*Requirement*
Exclude the pictures, and otherwise reproduce the data in full.

*Provided material*
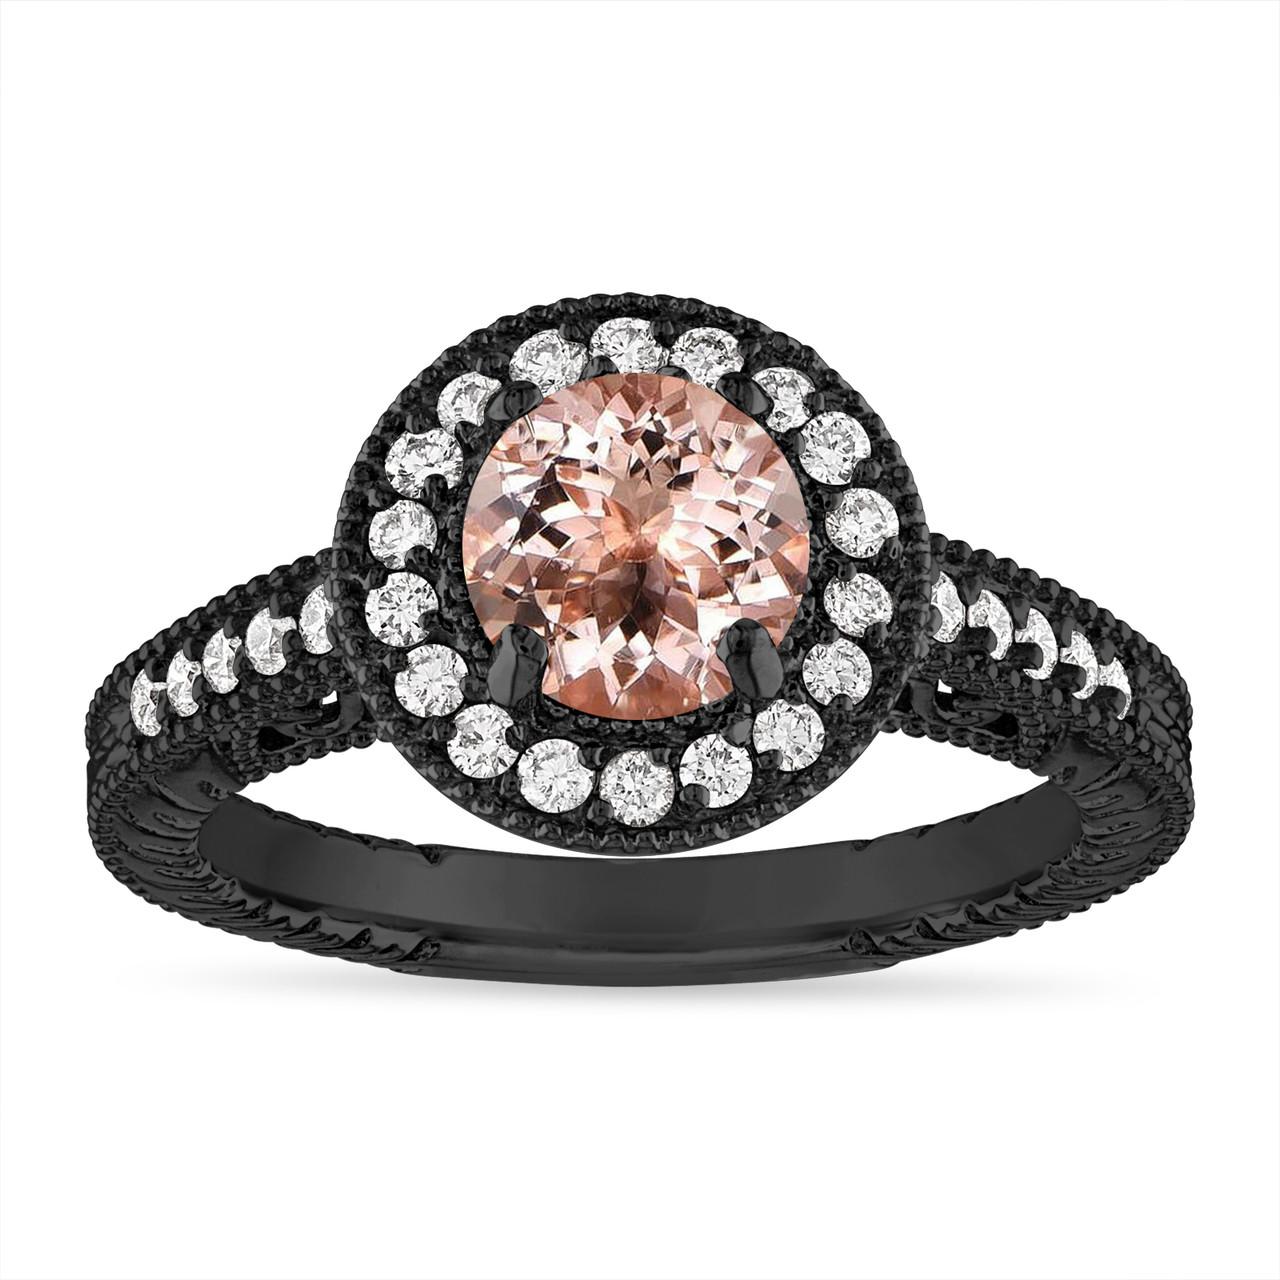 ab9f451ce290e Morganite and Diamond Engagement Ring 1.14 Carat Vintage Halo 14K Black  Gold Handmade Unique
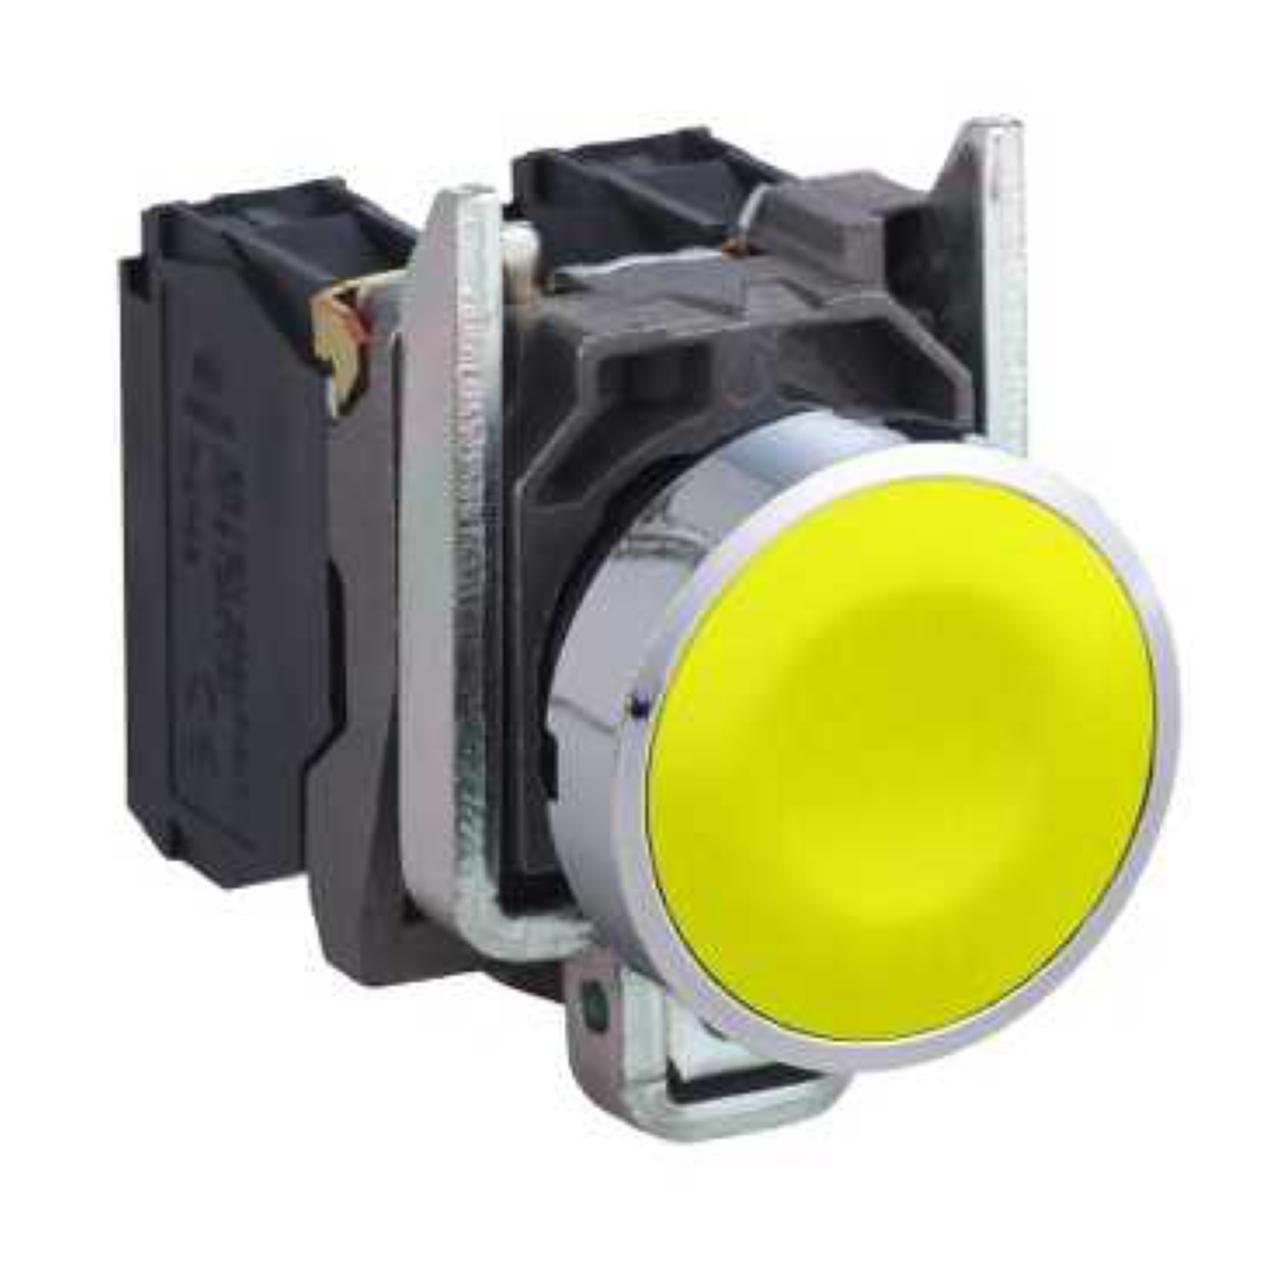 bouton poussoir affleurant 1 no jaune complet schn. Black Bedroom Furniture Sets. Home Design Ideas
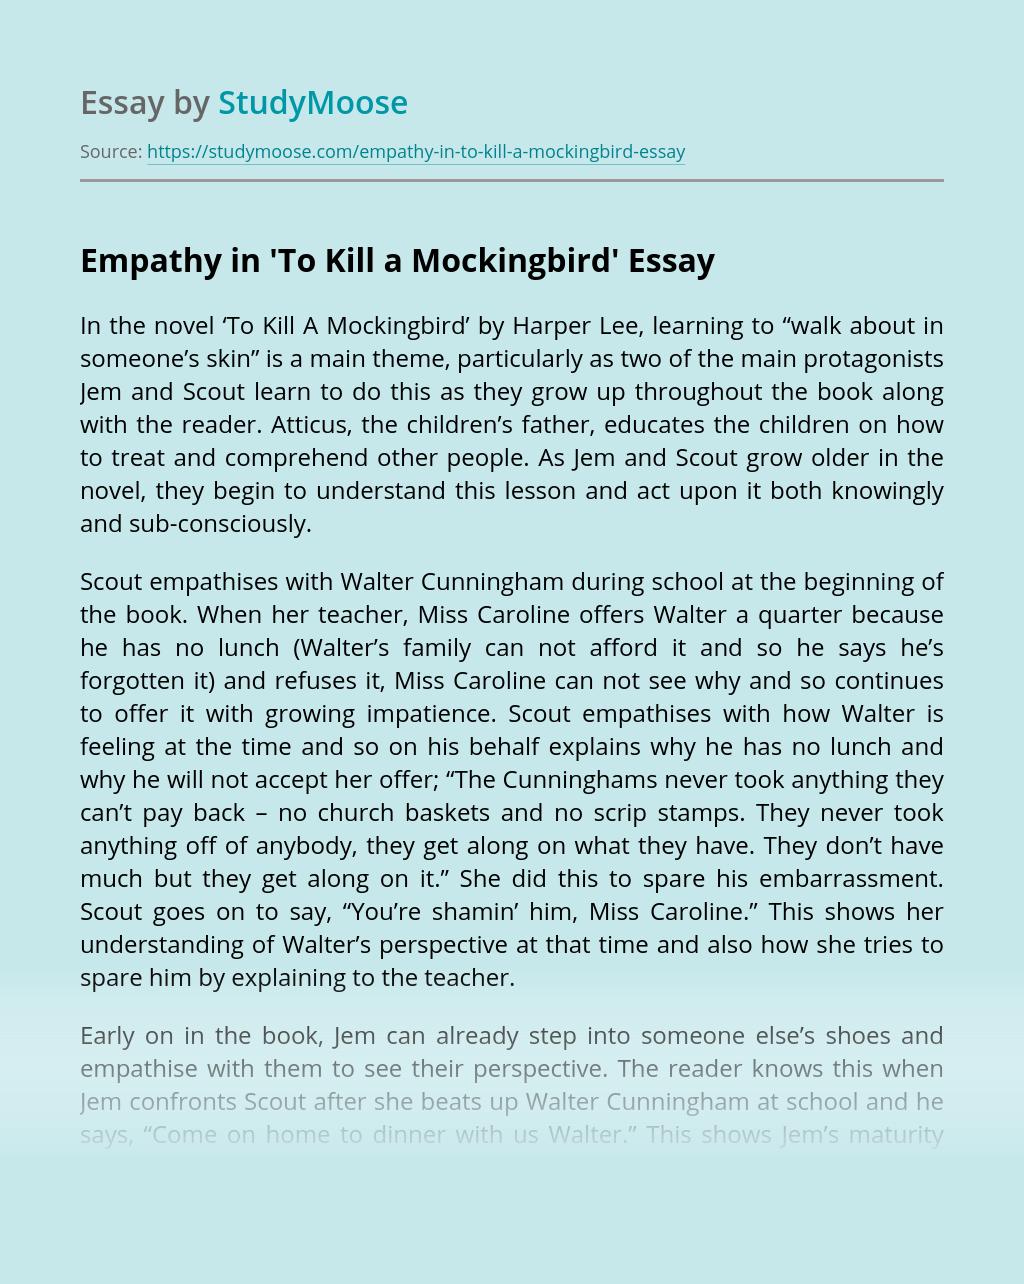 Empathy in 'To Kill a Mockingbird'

*The completed task*
 ab9f451ce290e Morganite and Diamond Engagement Ring 1.14 Carat Vintage Halo 14K Black  Gold Handmade Unique
 bouton poussoir affleurant 1 no jaune complet schn. Black Bedroom Furniture Sets. Home Design Ideas
 Empathy in 'To Kill a Mockingbird'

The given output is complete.